In December 2022, Hutensky's role was reported for the first time in the Australian Media. Hutensky was also named in an April 2022 Rolling Stones article.

Hutensky's Weinstein involvement was referenced in a scene in the 2022 feature film, She Said. The film, produced by Annapurna Pictures and Plan B Entertainment, was based on Kantor and Twohey's book of the same name and followed their investigation into Weinstein's abuse and sexual misconduct against women.

== Current projects ==

On the film side, Made Up Stories adapted The Dry based on the debut book of Australian novelist Jane Harper. The film, directed by Robert Connolly and starring Eric Bana, was released in Australia on January 1 to a strong box office, making it one of the highest grossing Australian film opening weekends ever. The film was released by IFC Films in North America on May 21, 2021. The company also produced the film Penguin Bloom, starring Naomi Watts and Andrew Lincoln, directed by Glendyn Ivin, based on the true story of the Bloom family from the book of the same name by Bradley Trevor Greive. It premiered at the 2020 Toronto International Film Festival and was released in Australia cinemas on January 21, topping the box office for its opening weekend, and in other key countries, including the United States by Netflix on January 27.

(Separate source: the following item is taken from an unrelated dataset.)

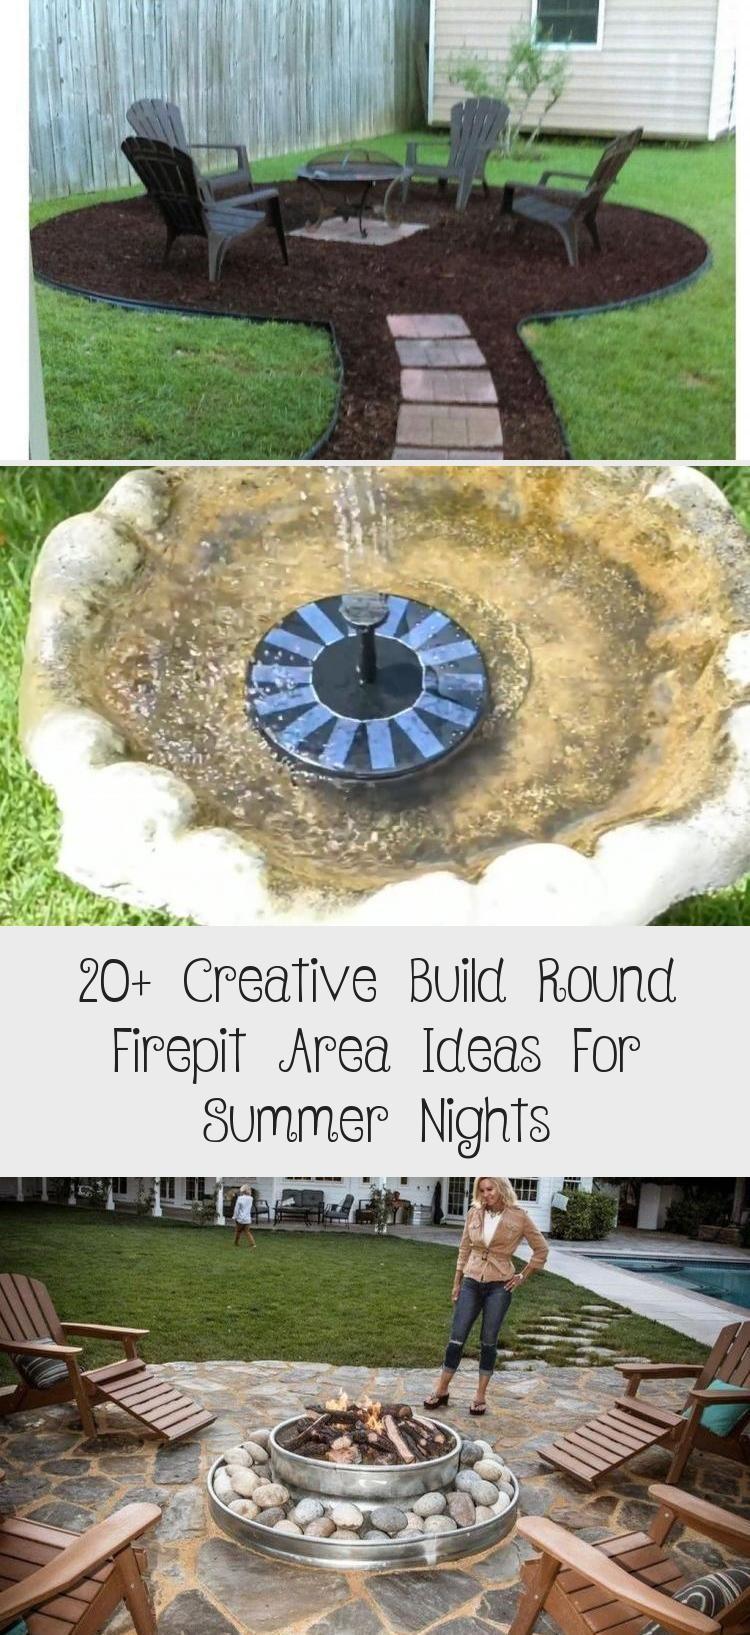 Photo of 20+ Creative Build Round Firepit Area Ideas For Summer Nights – GARDEN
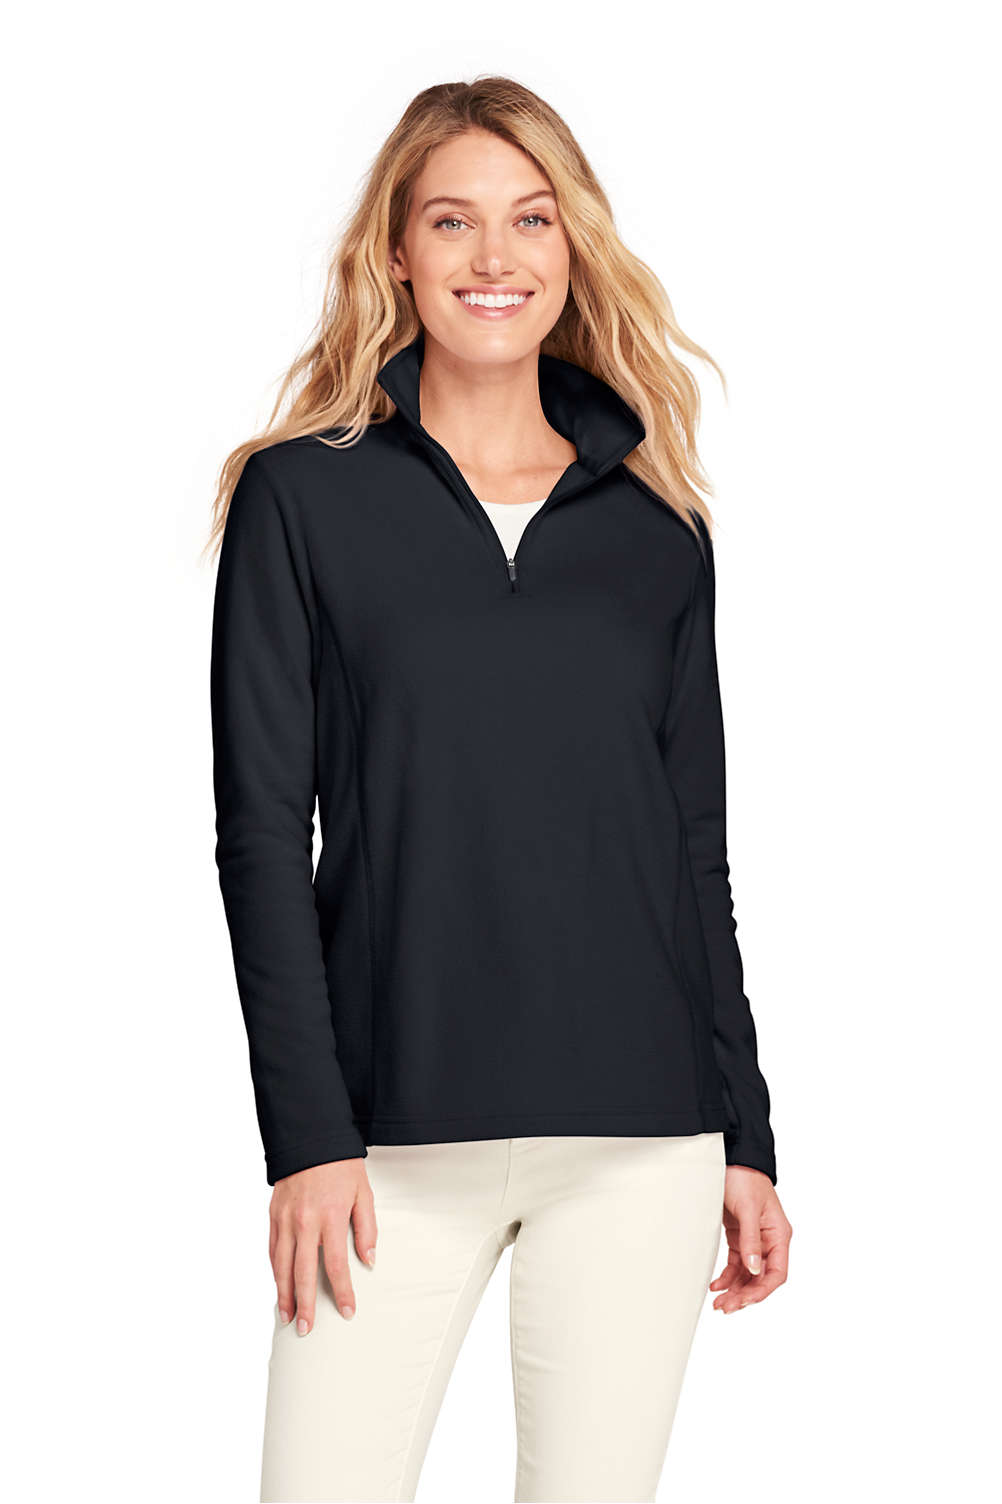 f46f4ea3d02 Women's Quarter Zip Fleece Pullover from Lands' End

It was announced on February 22, that the company was adapting Jessica Knoll's novel Luckiest Girl Alive in partnership with Picturestart for film at Netflix. It will star Mila Kunis, and be directed by Mike Barker.

On the television side, Made Up Stories produced the recent HBO miniseries The Undoing, starring Nicole Kidman and Hugh Grant, which debuted on October 25, 2020, and became the most viewed show for the network in 2020. The company also produced the Amazon Prime Video thriller drama series Tell Me Your Secrets, released on February 19, created by Harriet Warner, and starring Lily Rabe, Amy Brenneman, Hamish Linklater, and Enrique Murciano. They also produced the new Hulu hit series, Nine Perfect Strangers, based on the book by Liane Moriarity. The series, written by David E. Kelley, stars Nicole Kidman and Melissa McCarthy, along with numerous other high-profile actors, debuted on August 18 with the premiere quickly becoming the most-watched Hulu original ever.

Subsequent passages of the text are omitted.